WASHINGTON — Senators raised but then postponed an effort Thursday to advance a new legal justification for U.S. military operations against the Islamic State, highlighting the difficulty of carrying out what lawmakers say is their constitutional duty to declare war.
Three months into the U.S. intervention and with lawmakers nearing a winter recess, Democrats on the Senate Foreign Relations Committee sought to push through a measure defining how President Barack Obama can use military force in Iraq and Syria. But Republicans who are generally supportive of the war rebelled, objecting to blessing a military campaign through an amendment to an unrelated water bill.

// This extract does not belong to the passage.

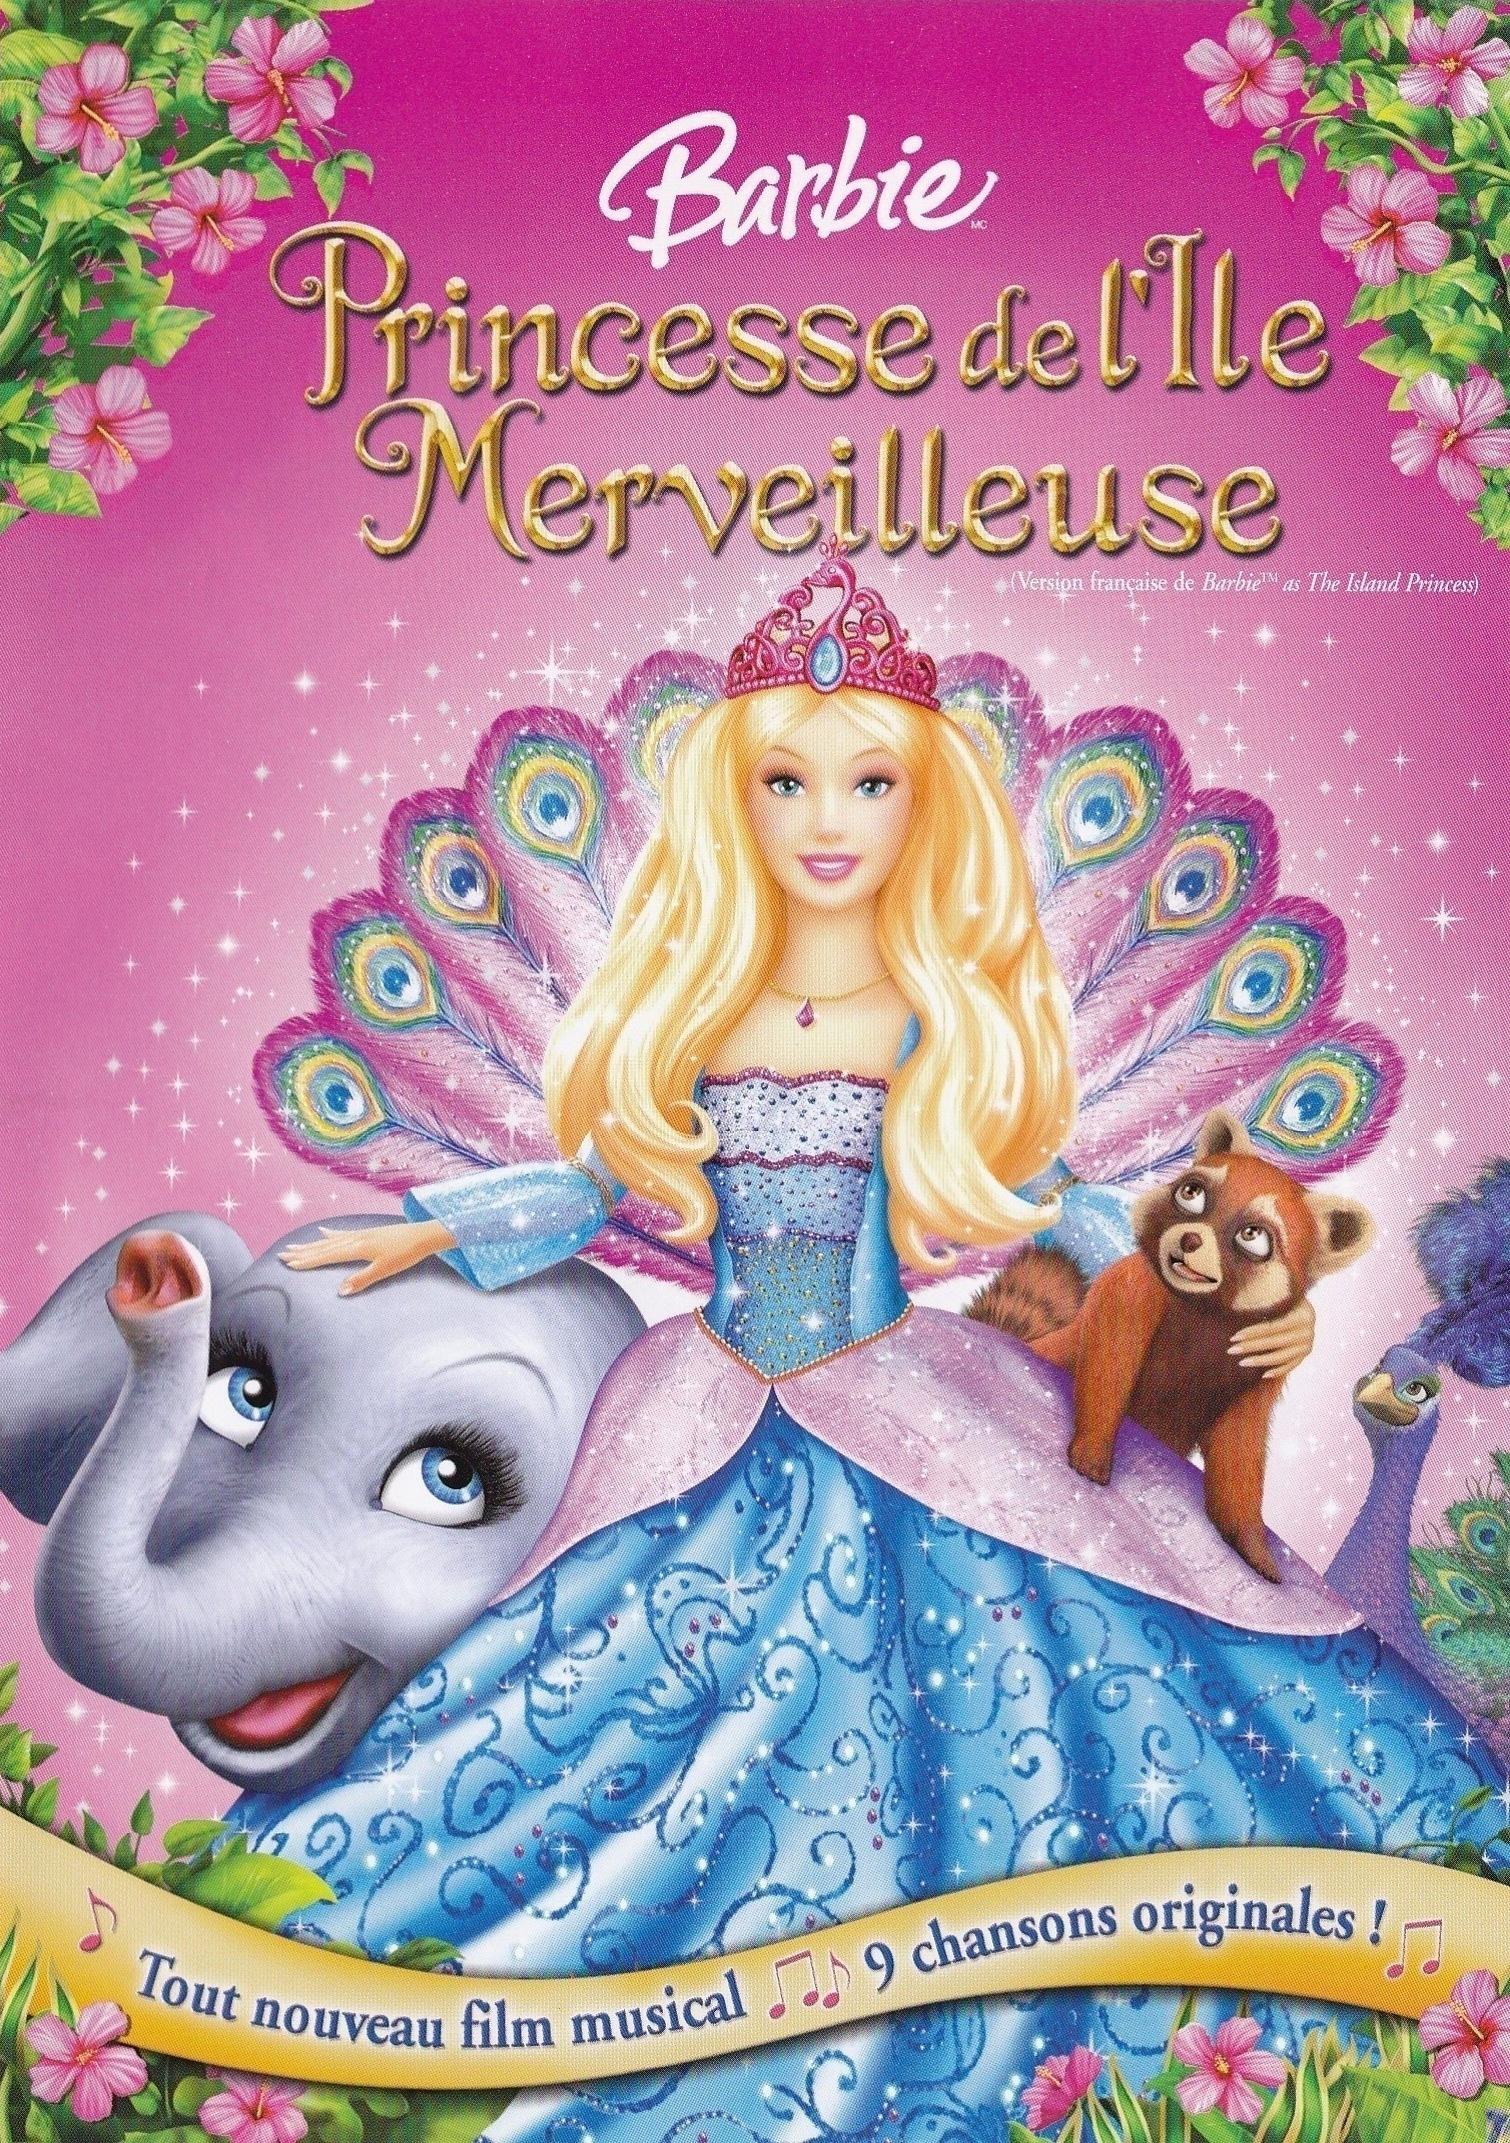 Barbie princesse de l 39 le merveilleuse seriebox - Barbie et l ile merveilleuse ...

The 18-member panel's meeting ended with Sen. Bob Menendez, the outgoing Democratic chairman, pulling the amendment and promising a hearing next week to update the president's current legal justification for fighting: authorizations in 2001 to fight al-Qaida and a year later to invade Iraq. Menendez spoke of a vote Wednesday.
Menendez's retreat came after his amendment prompted Sen. Bob Corker, the committee's senior Republican and incoming chairman, to try to pull his own bill promoting clean drinking water worldwide. The spirited and often confusing discussions included Corker at times defending the administration and at others pounding the table with his hand and threatening to subpoena officials.
Even if the authorization eventually advances, it has little chance of the full Senate addressing it this year. Republicans said it would be ignored by the GOP-controlled House and the Senate next year when they gain control.
And it's unclear what the entire months-long debate in Congress is having on Obama, who has said he would welcome a new authorization even though he insists he already has the necessary legal authority. Many lawmakers disagree, but few in either party seek to stop the president with about 3,000 U.S. troops in Iraq and hundreds of airstrikes already undertaken.
Republicans on the panel said Obama must first ask for authorization before Congress acts, a message echoed Thursday by House Speaker John Boehner. He said the strategy must include reversing the Islamic State's ground momentum. Senators also questioned the wisdom of authorizing a potentially decade-long fight without reviewing the authorization and barely any debate.
Sen. Marco Rubio, R-Fla., and Sen. John McCain, R-Ariz., criticized Democrats for focusing on limiting Obama's ability to wage that war but not on empowering him to win it.